При мысли о том я украдкой вытираю слезу, и я хвалю чужеземного хозяина замка за то, что он распорядился с почестями препроводить на родину тело паломника-князя. Анаклет опередил траурную процессию на один день пути и явился к Сибилле со щитом наизворот, с опущенной головой. Она была уже близка к обмороку, когда ей назвали только имя пажа, только его имя. Когда же она увидела Анаклета, она лишилась чувств и упала ему на руки. Мне стыдно собственных слез, ибо я пролил их в тихой грусти, а ее обуяла боль, которой не утолить никаким слезам, и когда она снова очнулась, глаза ее были сухи, а лицо неподвижно. Она выслушала рассказ пажа о том, что случилось с его господином, и молвила: «Хорошо».
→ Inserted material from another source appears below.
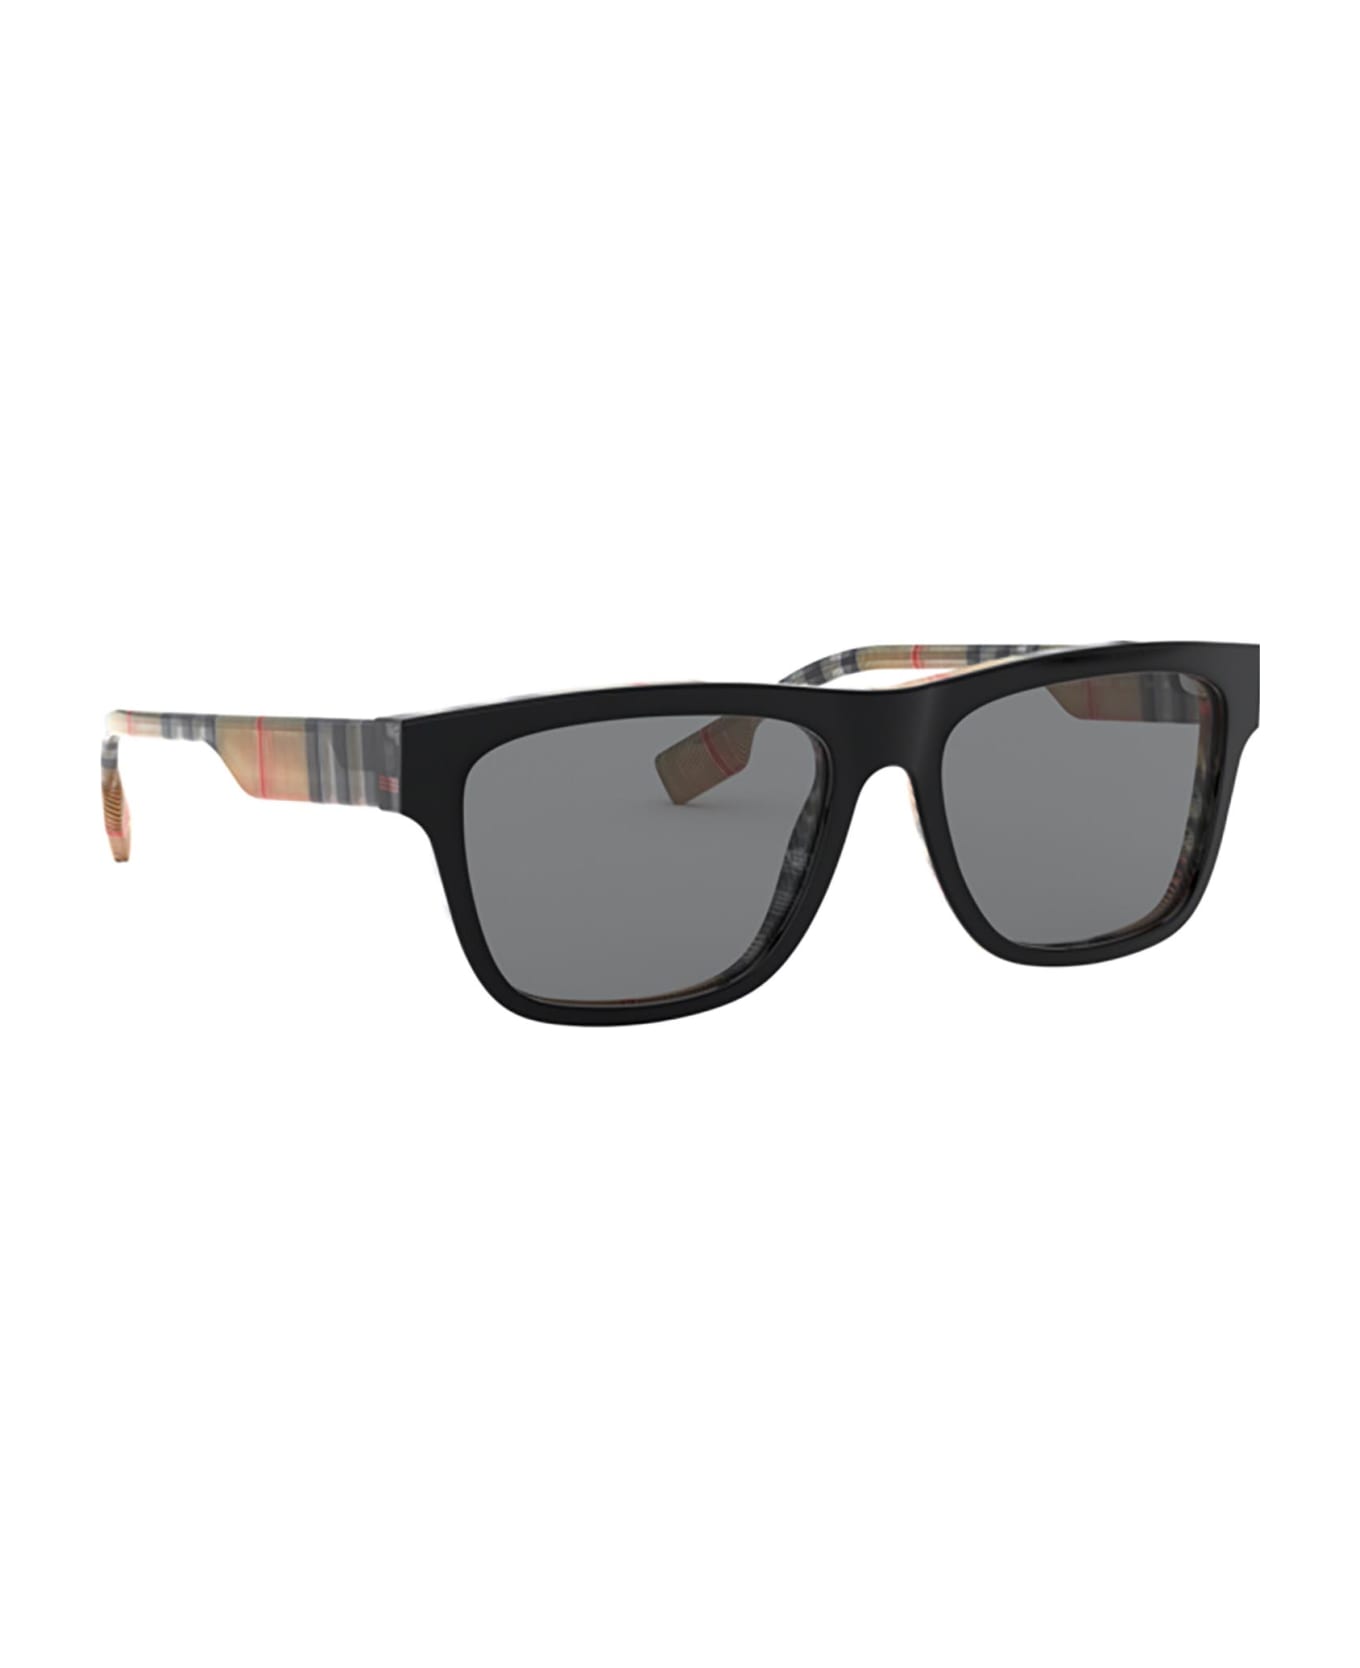 Burberry Eyewear Be4293 Top Black On Vintage Check Sunglasses - Top Black on Vintage Check
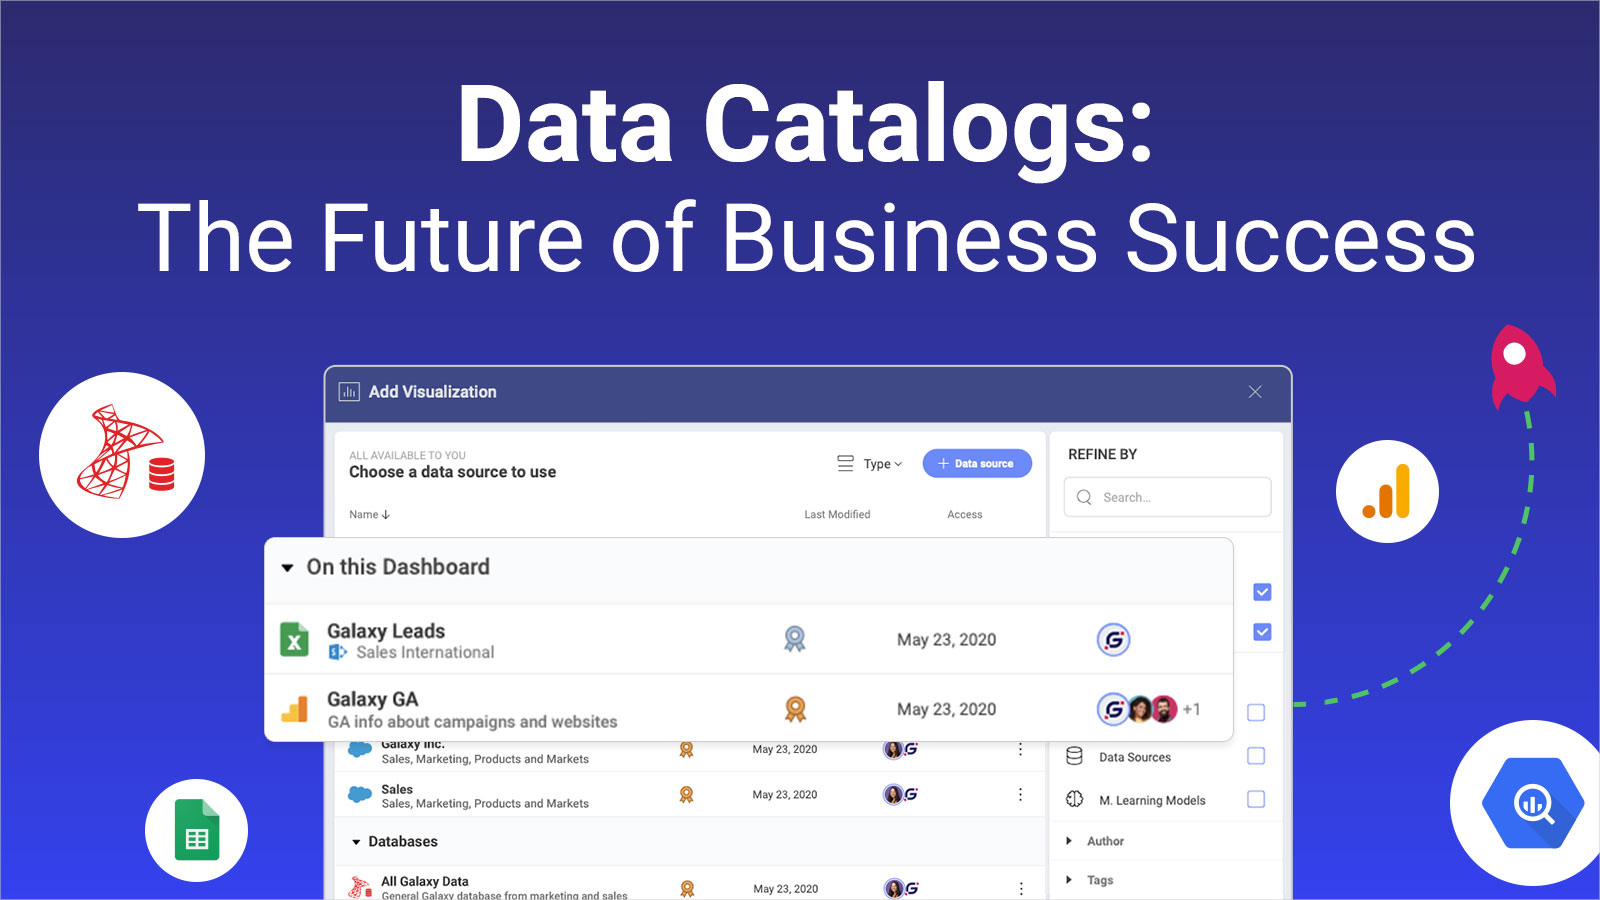 Data Catalogs: The Future of Business Success

Ничего хорошего в этом «хорошо» не было. Такое «хорошо» отнюдь не отдает покорностью воле Божьей, скорее оно означает оцепенение, вечное отрицание Божественного промысла, и словно бы говорит: «Как тебе угодно, Господи, а я извлеку вывод из твоего приговора, для меня неприемлемого. Я была перед лицом твоим женщиной, пусть грешной, не спорю. Отныне же я вообще не буду женщиной, а буду навеки оцепенелой невестой боли. Я так замкнусь в себе, так ожесточусь, что ты подивишься». Упаси меня Боже от такого меча и такого оцепенения! Но я ничуть не подвержен подобным бедам. И все же я рад, что повесть моя позволяет мне отведать от них и что я в каком-то смысле их познаю.

Господин Эйзенгрейн молвил ей:

– Катафалк брата вашего прибыл и стоит в церкви моего замка. Он отдал Богу тело ради души своей, и вы теперь наша повелительница. Примите же мое коленопреклонение! Одновременно, во имя вашей и моей чести, разрешите почтительно просить вас, чтобы вы, когда мы станем его хоронить, не выказали иной скорби, кроме той, с которой оплакивают погибшего брата. Всякую же иную, более горячую, скорбь вам следует тщательно скрыть.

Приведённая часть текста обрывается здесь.